Cada imagem do plano focal é, na verdade, uma seção transversal óptica do espécime. Essa seção transversal óptica sempre tem uma certa espessura, também conhecida como seção fina óptica. Como a intensidade da luz no ponto focal é muito maior do que no ponto sem foco, e a luz do plano não focal é filtrada pelo orifício, a profundidade de campo do sistema confocal é aproximadamente zero e a varredura ao longo do Z -eixo pode realizar tomografia óptica, formando um Observar a seção óptica bidimensional no ponto focalizado da amostra. Combinando a varredura do plano XY (plano focal) com a varredura do eixo Z (eixo óptico), a imagem tridimensional da amostra pode ser obtida acumulando imagens bidimensionais de camadas contínuas e processadas por um software de computador especial.

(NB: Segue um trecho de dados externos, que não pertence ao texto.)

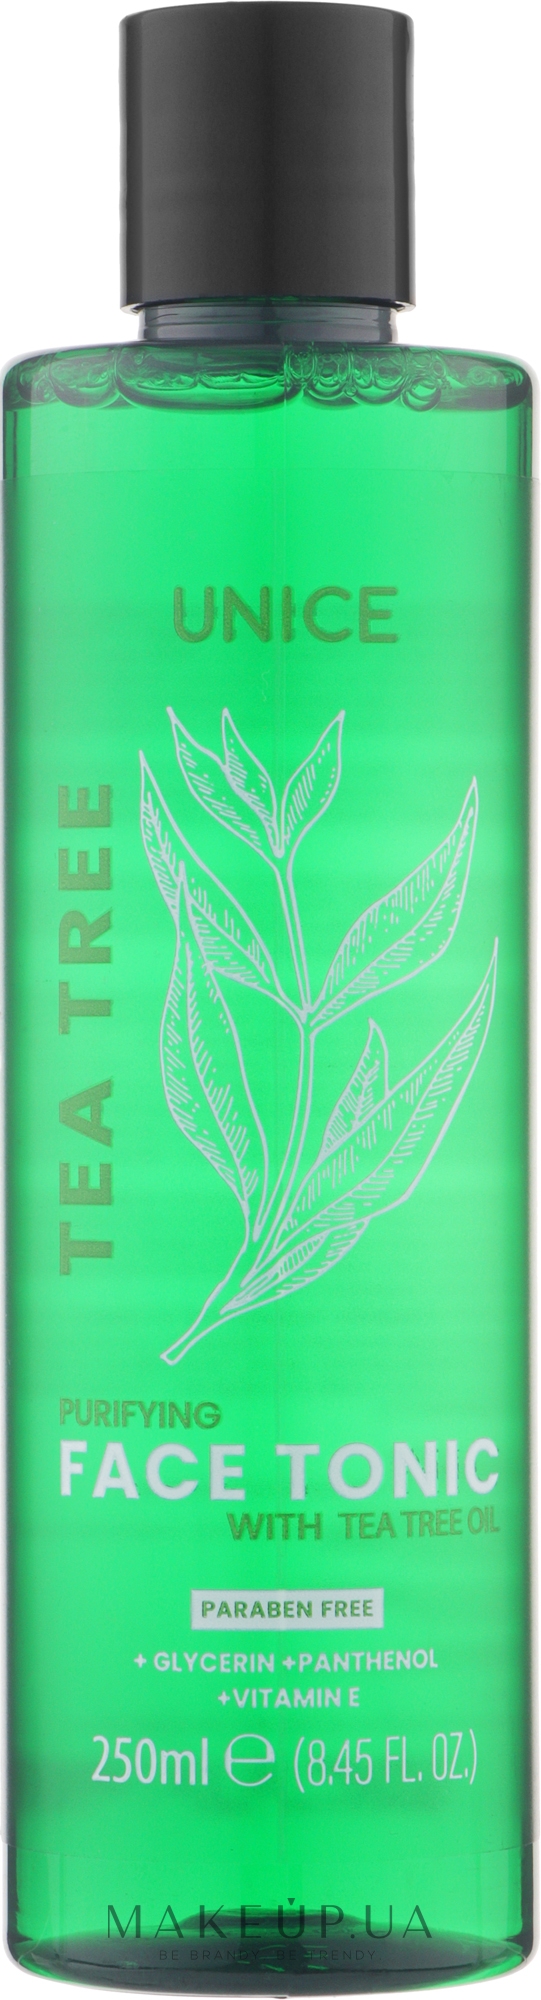 Тоник для лица с маслом чайного дерева - Unice Tea Tree Purifying Face Tonic — фото 250ml

Ou seja, o pinhole de detecção e o pinhole da fonte de luz são sempre focados no mesmo ponto, de modo que a fluorescência excitada fora do plano focal não pode entrar no pinhole de detecção.

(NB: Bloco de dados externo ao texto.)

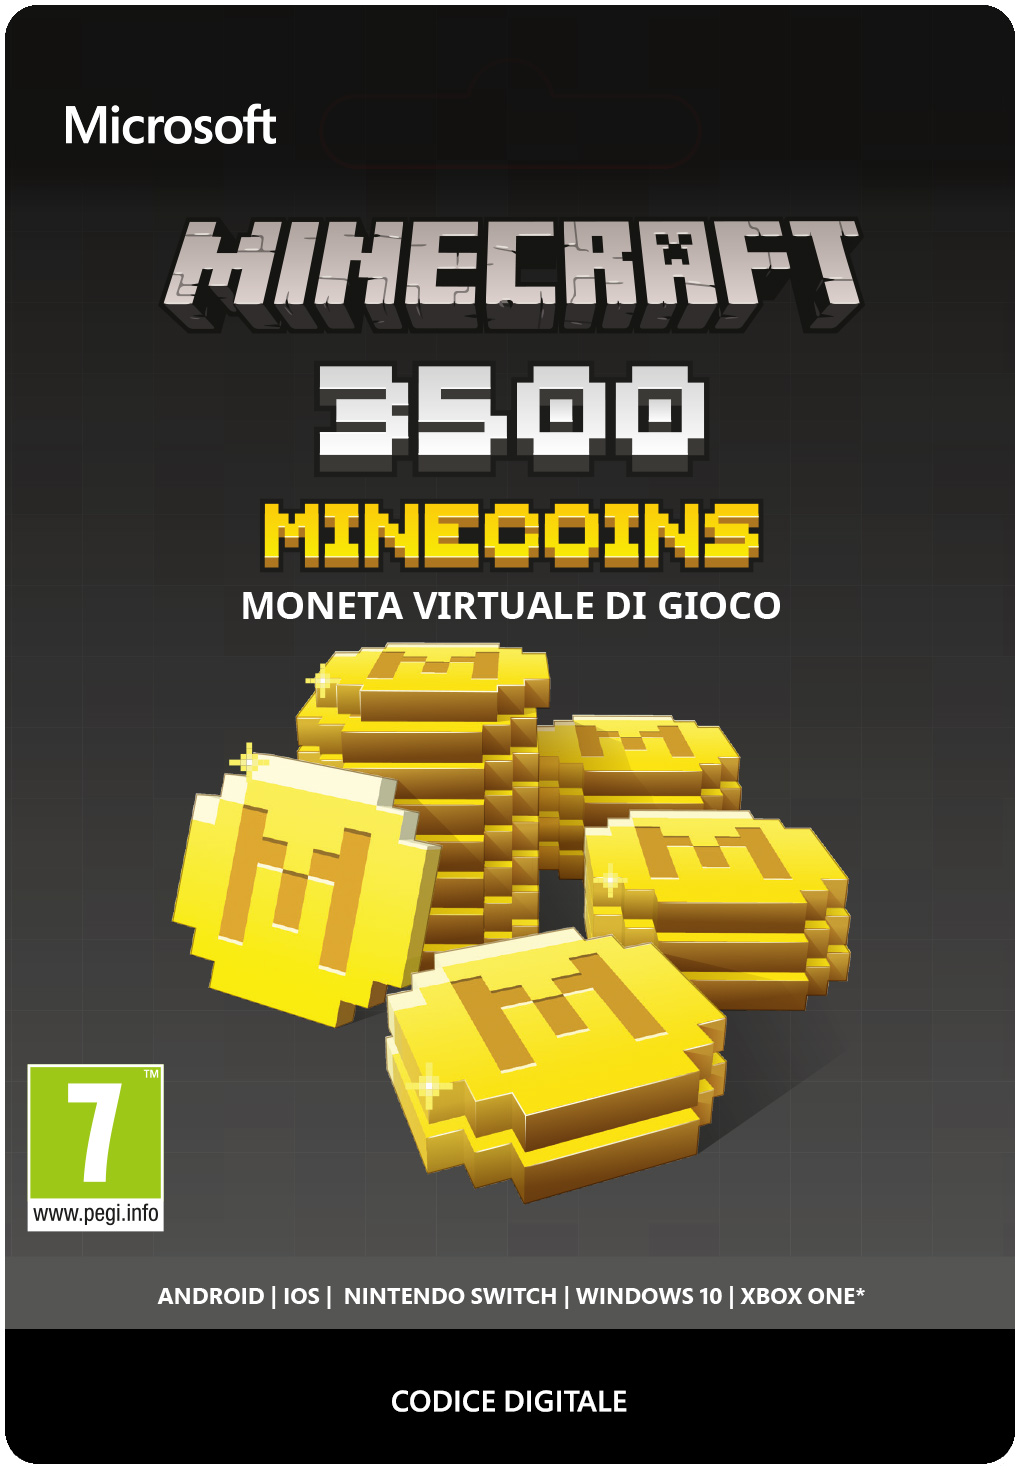 Minecraft Minecoins 3500 Coins

A expressão simples do princípio de funcionamento do laser confocal é que ele usa o laser como fonte de luz e, com base na imagem tradicional do microscópio de fluorescência, adiciona um dispositivo de varredura a laser e um dispositivo de foco conjugado e é um sistema para aquisição de imagem digital e processamento através do controle do computador.